Abstracts
Résumé
Cet article propose de reconsidérer l’oeuvre de l’artiste contemporain américain Andres Serrano, notamment de sa série d’épreuves chromogéniques datant de 1992 et intitulée The Morgue qui expose un groupe de cadavres photographiés dans une morgue réelle. Je parle de reconsidérer l’oeuvre de Serrano parce que la série en question a déjà fait l’objet de plusieurs études. Cependant, les discours critiques à propos de cette série ne se sont jamais penchés sur les conséquences de cette invasion de la vie privée pour les morts.
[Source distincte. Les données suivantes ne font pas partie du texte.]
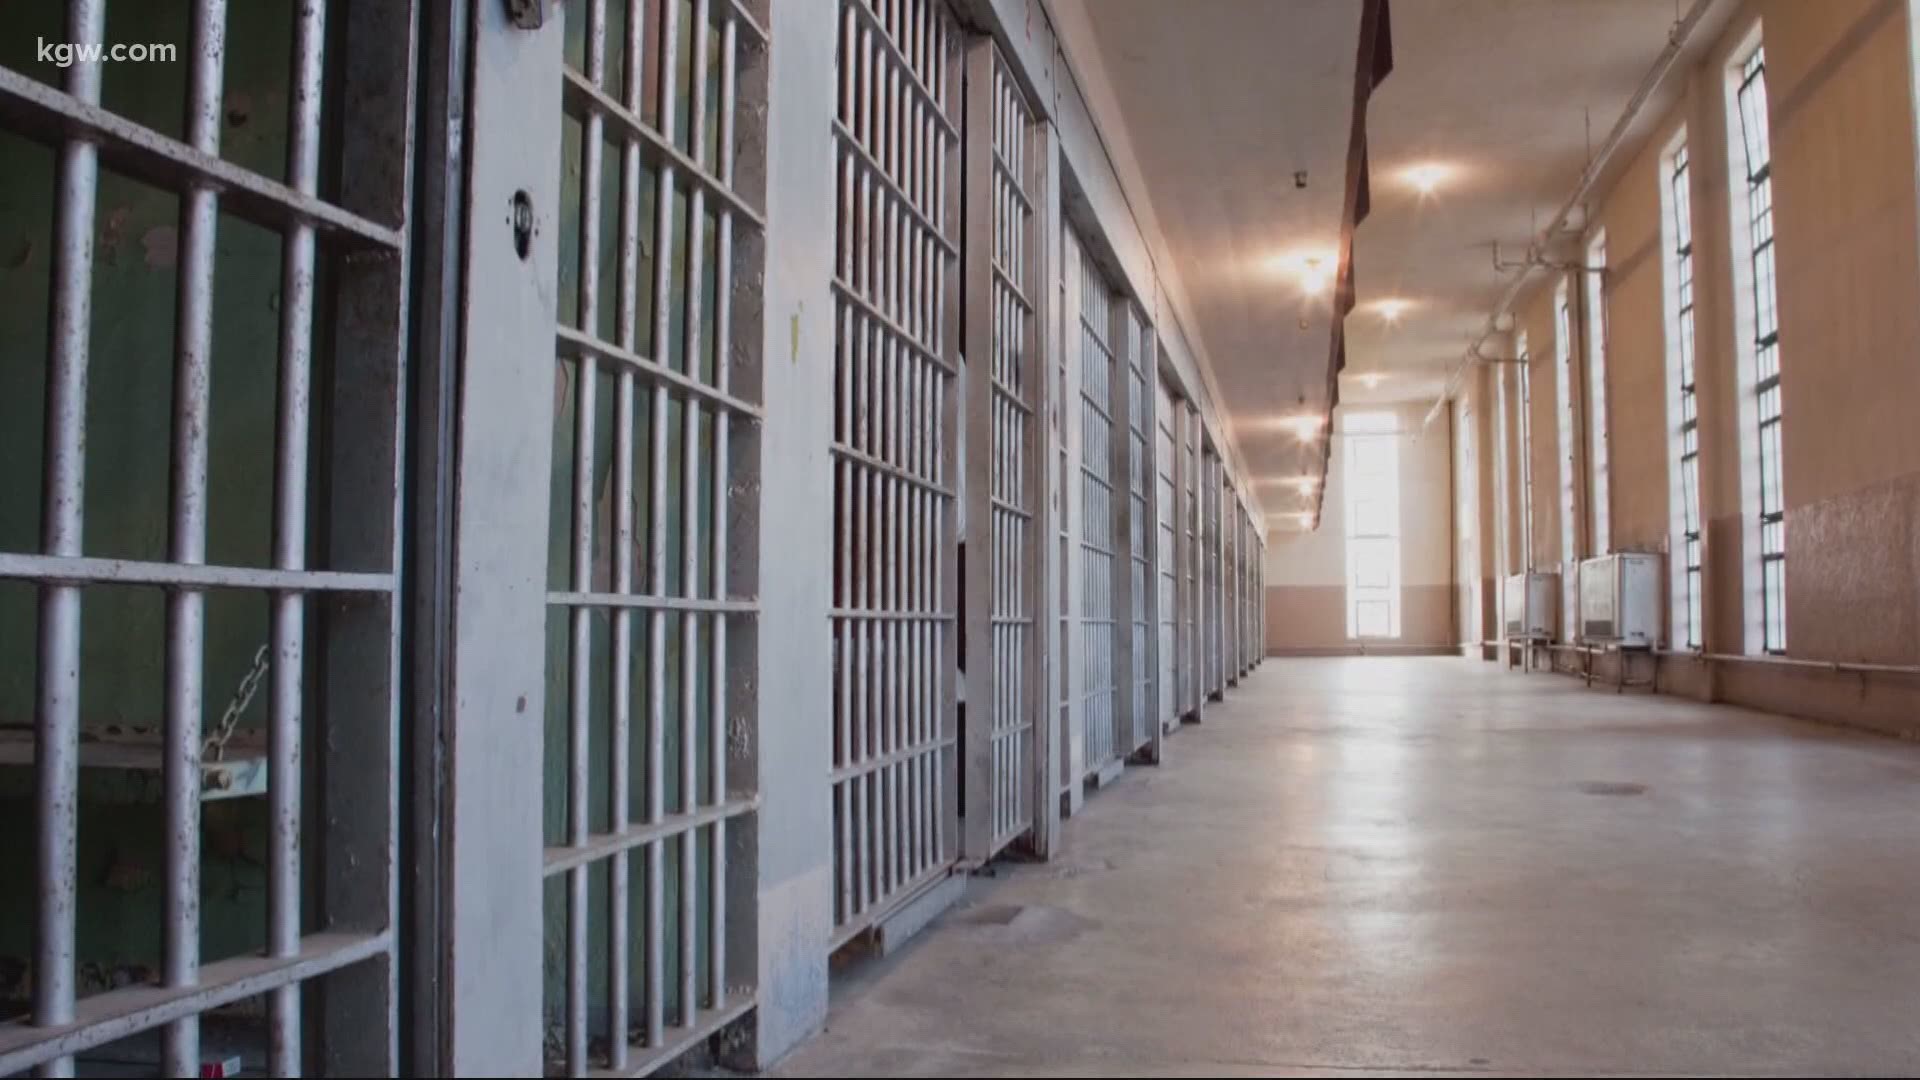 The Department of Corrections says nearly 100 inmates qualify for possible release.

Dans cet article, j’explore la manière dont Serrano manifeste sa prise de conscience face à la vulnérabilité des morts, non pas en abordant l’éthique de ses choix, mais en examinant comment cette réification des corps perpétue néanmoins une forme de subjectivité posthume, question rarement abordée dans les domaines de l’histoire de l’art et de la théorie culturelle. L’encadrement et la mise au point, les titres, les choix esthétiques, la fragmentation des corps (qui tantôt dissimule, tantôt privilégie le visage), ainsi que le caractère d’infraction d’une intervention faite à la dérobée en milieu mortuaire : tous ces éléments affectent les types d’identité qui émanent de la spécificité des sexes et de connotations diverses accordant à la pathologie et à la criminalité une part significative. La capacité d’agir de Serrano se révèle indirectement dans ses travaux, lorsque l’artiste transgresse l’ordre du pouvoir généralement accordé aux vivants et retiré aux morts (effet de présence des corps, capacité de contact, d’accès visuel). En étendant aux morts une notion de subjectivité qui emprunte à la pensée de Judith Butler, je démontrerai que les cadavres de Serrano restent intensément vulnérables à la violence qu’implique toute représentation.